The easy part first - think of the piezo as a capacitor - you need to drive current in and draw current out to charge/discharge it. The circuit with the transistor will only charge the piezo, so beyond the first, switch-on pulse the piezo remains charged and nothing much happens.

The waveform: I think what is happening is that the rising edge of the signal driving the base is being capacitively coupled to the collector - hence the spike/overshoot. The level is then maintained, from the drive signal by the forward biased base-collector junction - remember the transistor is also conducting. I don't know what happens at the end of the flat period - where there is a momentary positive blip - you are possibly seeing the forward-recovery characteristic of the B-C diode. When the drive signal is low, the transistor turns off and what remains of the charge can be seen discharging through the oscilloscope input impedance.

[madires]

There's an informative recent thread about piezo buzzers at https://www.eevblog.com/forum/microcontrollers/a-piezo-buzzer-that-affect-the-mcu-behaviour/.

[chipwitch]

Tricky!
The easy part first - think of the piezo as a capacitor - you need to drive current in and draw current out to charge/discharge it. The circuit with the transistor will only charge the piezo, so beyond the first, switch-on pulse the piezo remains charged and nothing much happens.

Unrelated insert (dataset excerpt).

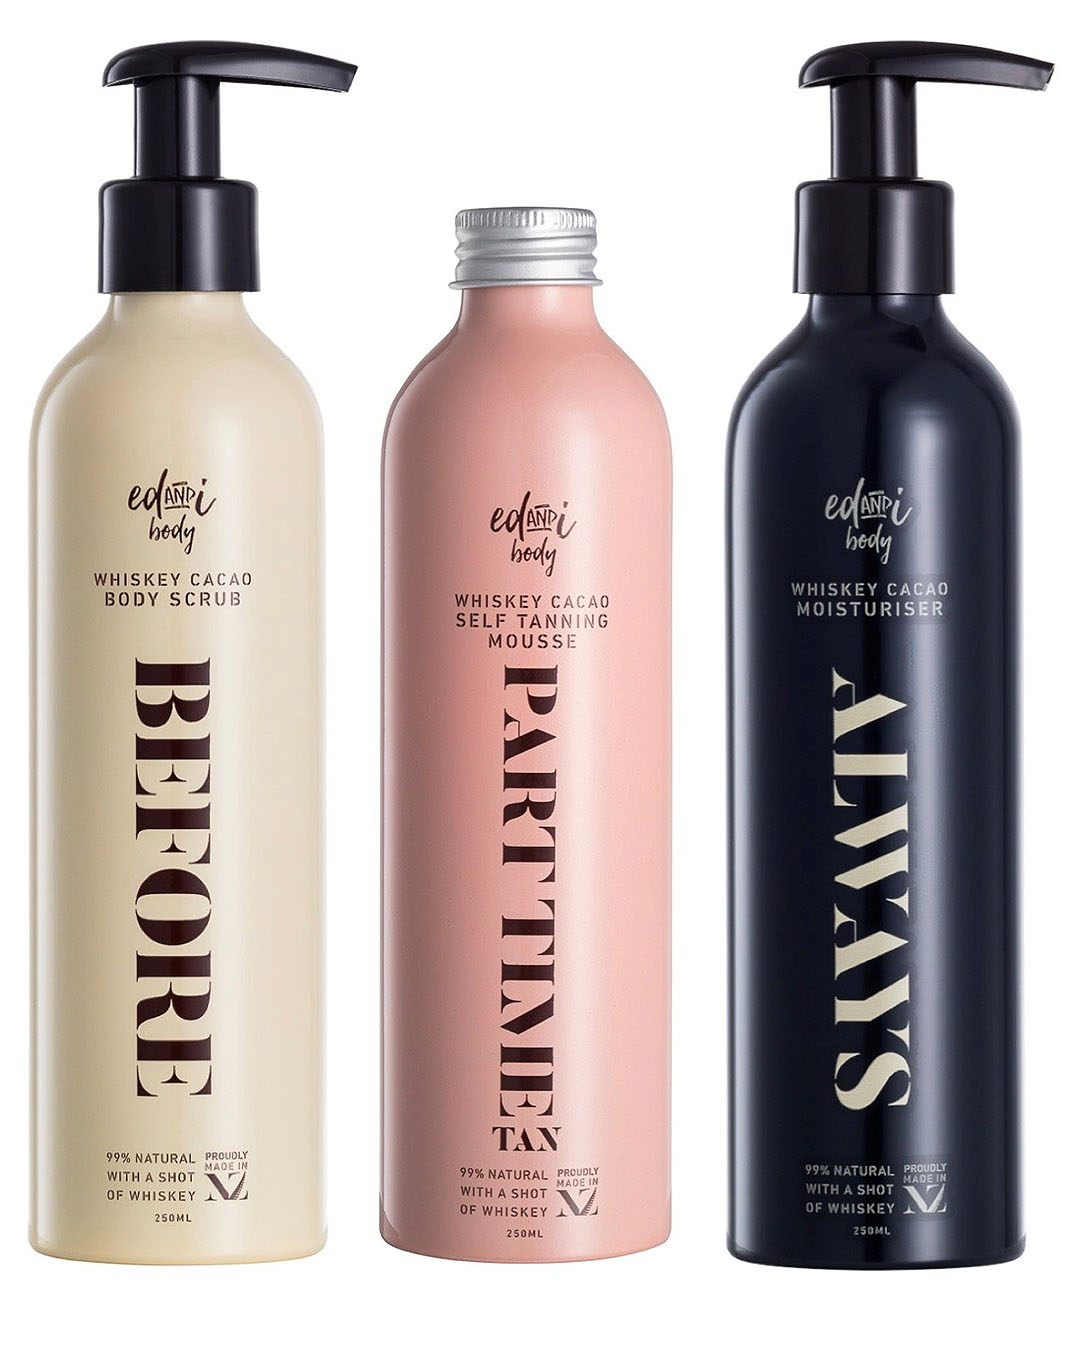 Three bottles of tan mousse - one for each step of the tanning process.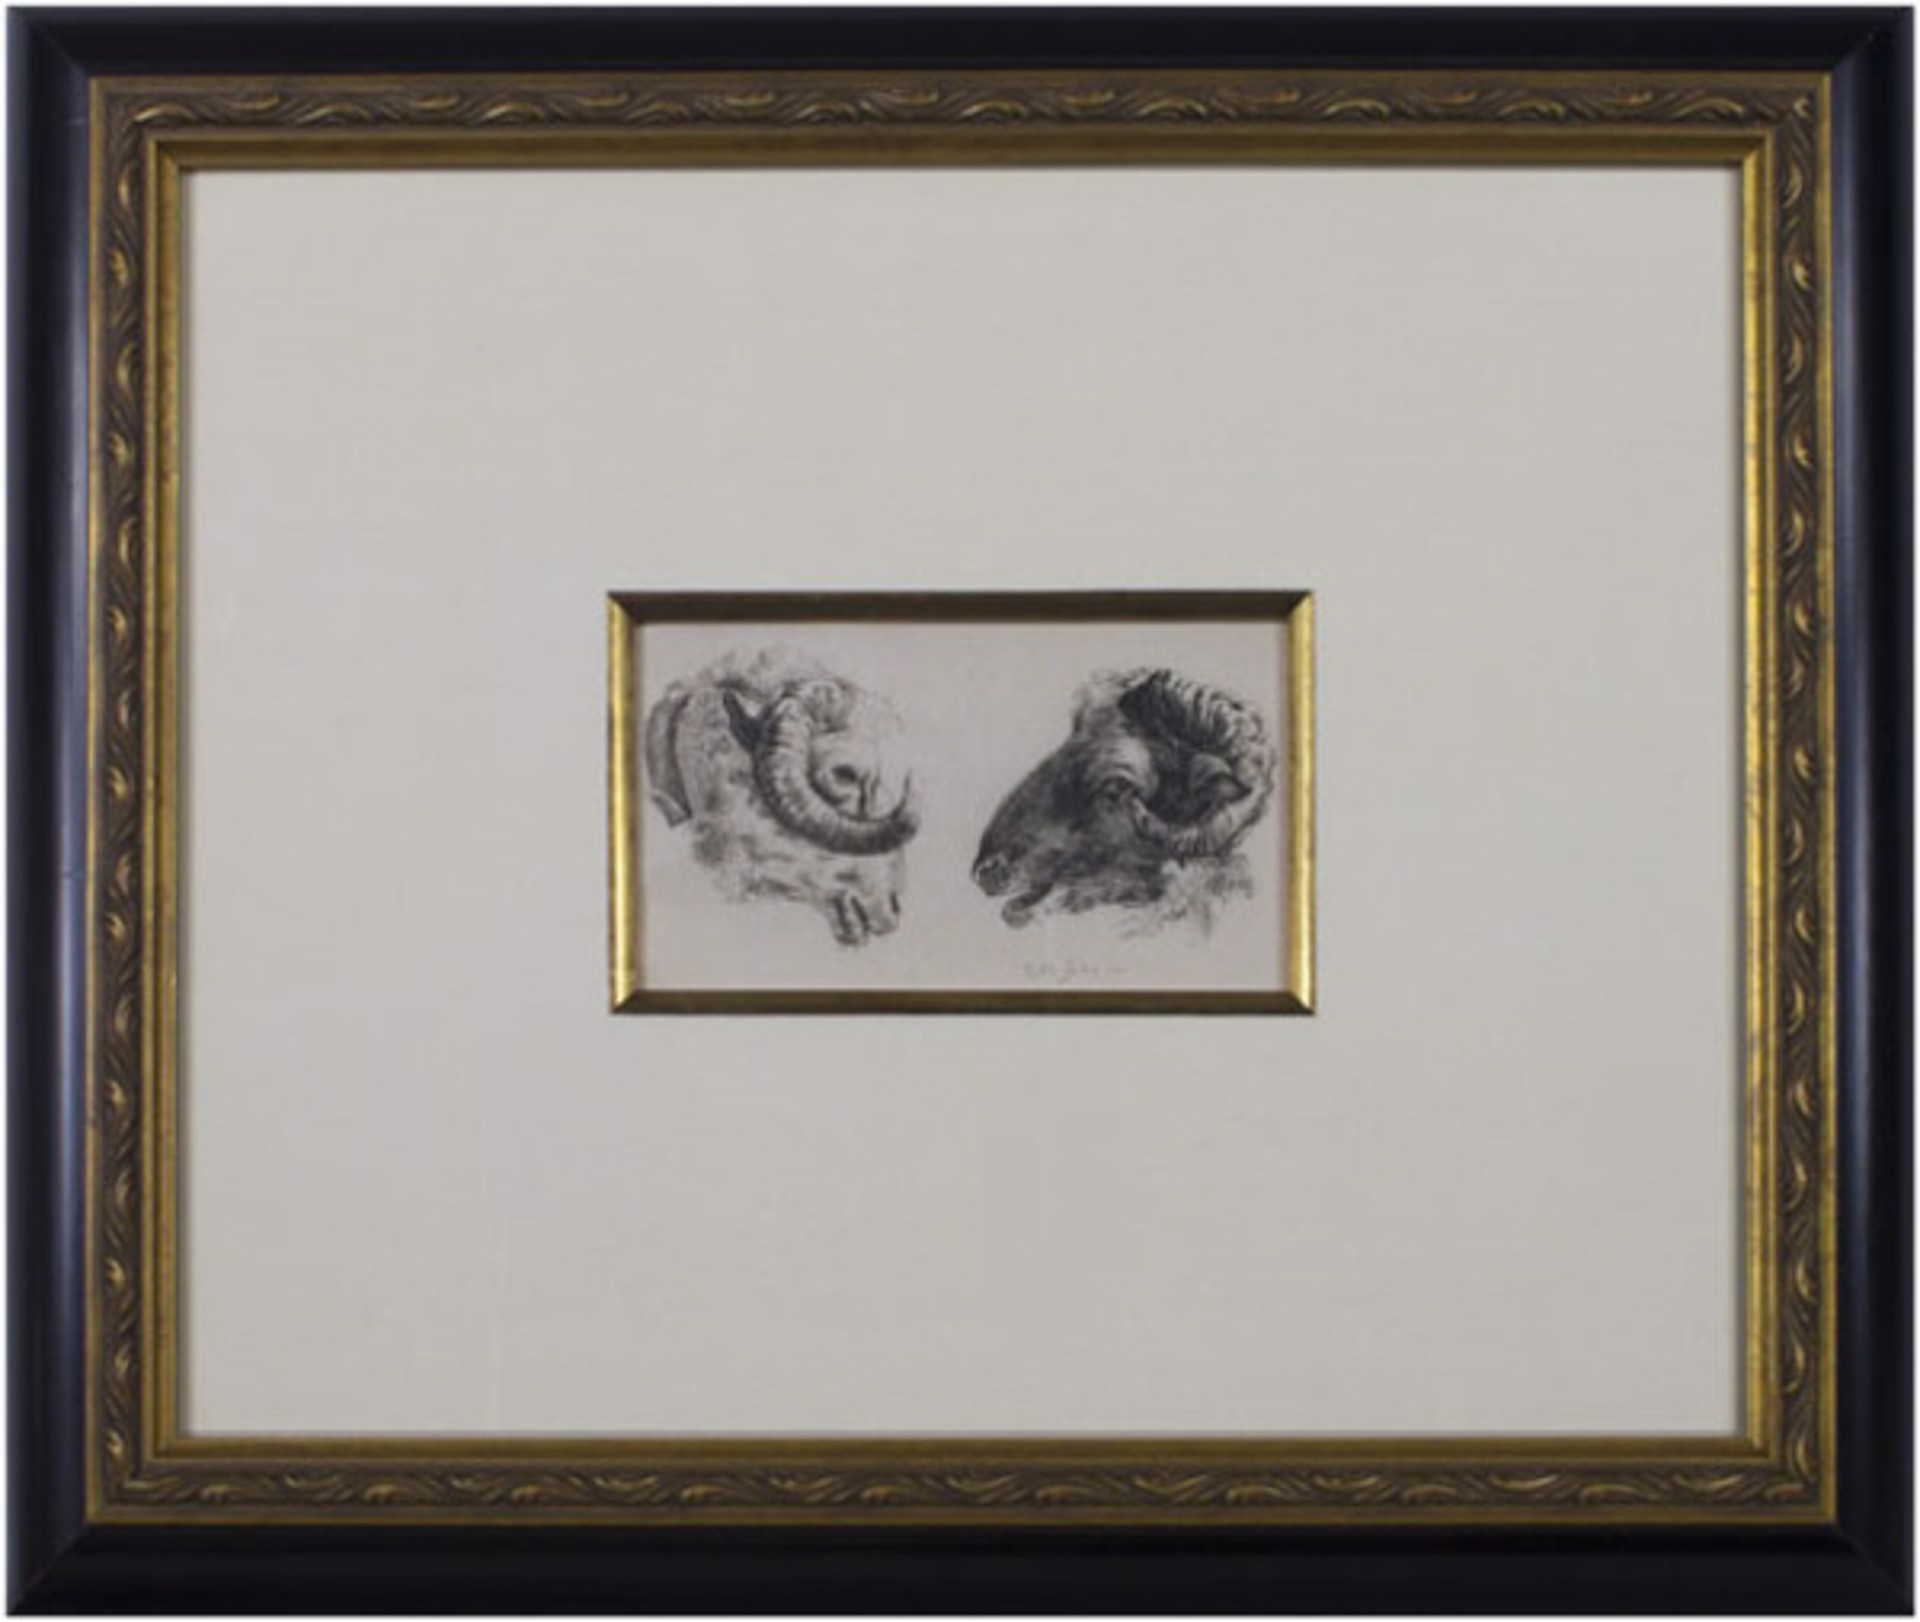 Two Rams Facing Each Other by Karel Du Jardin

The waveform: I think what is happening is that the rising edge of the signal driving the base is being capacitively coupled to the collector - hence the spike/overshoot. The level is then maintained, from the drive signal by the forward biased base-collector junction - remember the transistor is also conducting. I don't know what happens at the end of the flat period - where there is a momentary positive blip - you are possibly seeing the forward-recovery characteristic of the B-C diode. When the drive signal is low, the transistor turns off and what remains of the charge can be seen discharging through the oscilloscope input impedance.

Is this normal?

[chipwitch]

There's an informative recent thread about piezo buzzers at https://www.eevblog.com/forum/microcontrollers/a-piezo-buzzer-that-affect-the-mcu-behaviour/.

Thanks, but it isn't really about the piezo.  It's about the waveform with the piezo removed from the circuit.

[chipwitch]

Andy, I can't say I understand all of what you said about the waveform, but it made me think about how I might be able to discharge a capacitance.  It may be wrong thinking, but I decided to throw a 10k resistor in the circuit between the battery and the collector.  That smoothed out the wave to a nice square, the way it ought to be.  I then paralleled the piezo with it and got a faint sound.  I removed the 10k and connected the battery direct to my 100 ohm resistor (90 mA).  Not efficient, but it works.  So, I'm guessing this means you were right.  Without a load on the collector, the signal was picking up the effects of the transistor's internal capacitance.  If that's the case... it's pretty cool.  I've read about the internal capacitance of various components, but this kind of puts a face to it.

[Andy Watson]

Is this normal?

? I don't think it is abnormal! It might be instructive to display the signal at the base simultaneously with the collector waveform. I think my explanation fits reasonably well except for the source of the excess charge when the drive turns off - there does appear to be a lot of it.

[hlavac]

Hmmm. The flat part might be due to the difference in voltage drop between the Base-Emitor and Base-Collector diodes due to higher current in Base-Emitor one? They are both forward biased when the square wave goes high, but base-collector one gets almost no current so collector gets ~0.25V higher than emitor...

The diagonal part may be some sort of scope probe effect (looks like some more or less constant bias current discharging the collector/probe capacitance...)